The paper draws on multiple strands of evidence to make its case, including the rapid decline of Arctic sea ice, mountain glaciers, and the Greenland and Antarctic ice sheets, the expansion of hot, dry subtropical zones, the increase in drought and wildfires, and the loss of coral reefs because of ocean acidification.

“The main point is that the 2C target – which is almost out of reach now, or quickly becoming out of reach – is itself a dangerous target because it leads to a world that is greatly destabilised by rising sea levels and massive changes of climate patterns in different parts of the world,” said Professor Jeff Sachs, director of the Earth Institute at Columbia University, one of the PLoS paper’s authors.
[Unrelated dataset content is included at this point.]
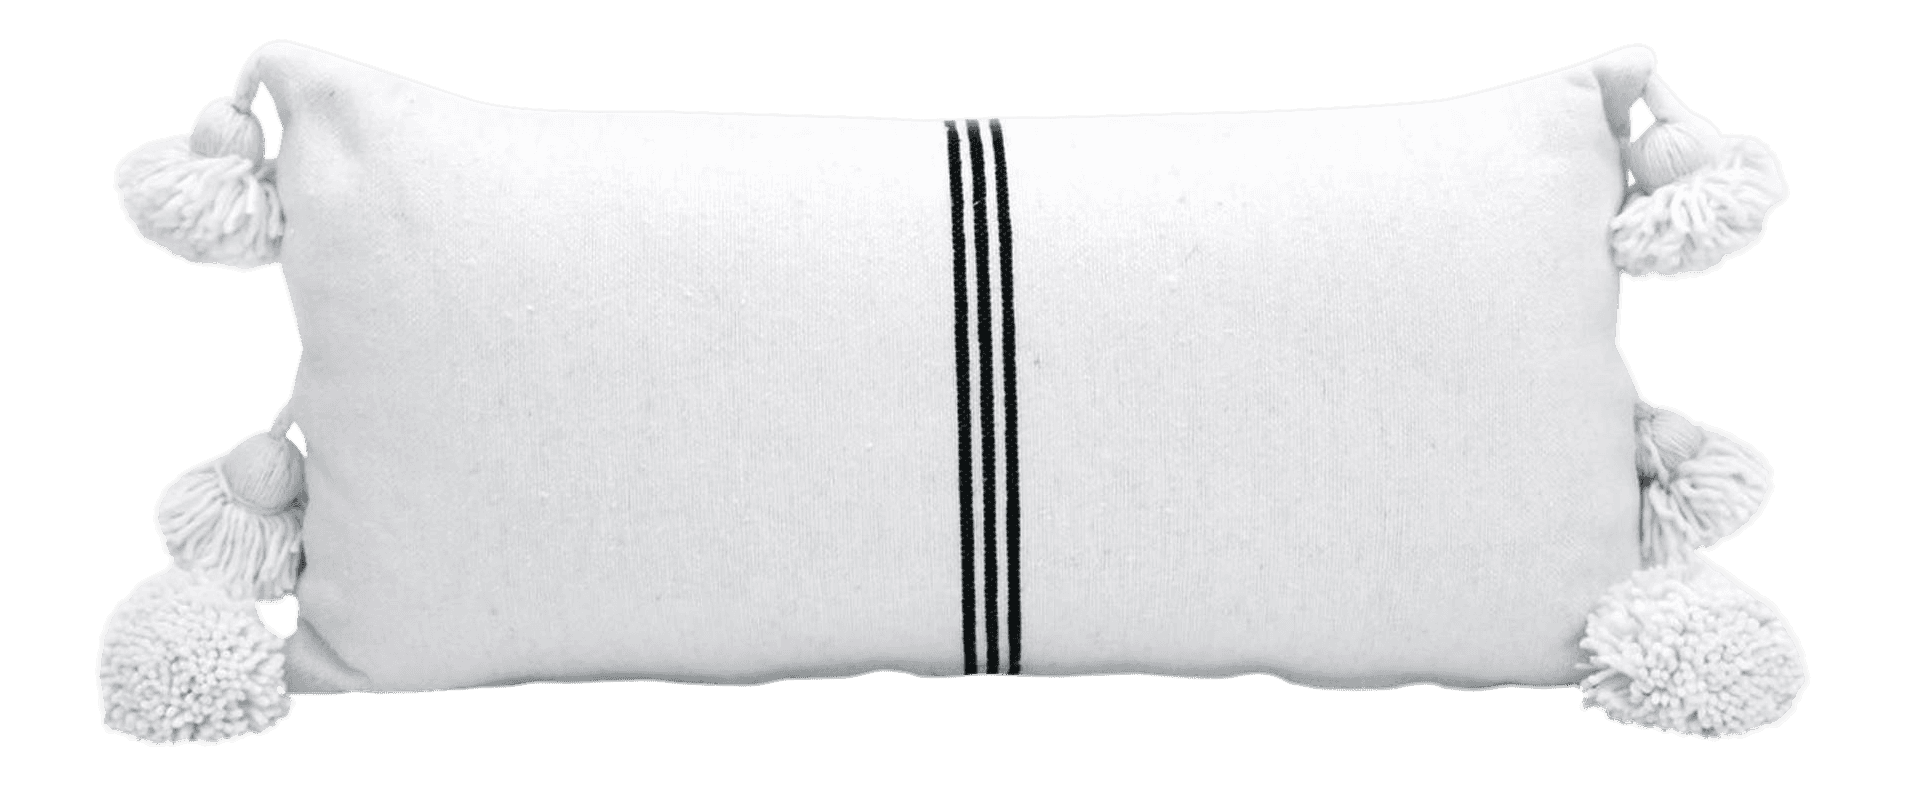 Moroccan PomPom Lumbar Pillow - Set of two - White with Black Pom Poms

An even bigger problem however was that the international community was far from even reaching that inadequate target, Sachs said. “Right now we are completely off track globally,” he said. “We are certainly not even in the same world as a 1C world. We are not even in a 2C world.”

The paper goes on to urge immediate cuts in global emissions of 6% a year as well as ambitious reforestation efforts to try to keep temperatures in check. The paper acknowledges such actions would be “exceedingly difficult” to achieve, but says it is urgent to begin reductions now, rather than wait until future decades.

It warns that the targets will remain far out of reach so long with continued exploitation of fossil fuels, such as coal burning for electricity and continued exploitation of unconventional oil and gas.

The paper also offers prescriptions, urging the adoption of a direct carbon tax at point of production and entry. “Our policy implication is that we have to have a carbon fee and some of the major countries need to agree on that and if that were done it would be possible to actually get global emissions to begin to come down rapidly I think,” Hansen said.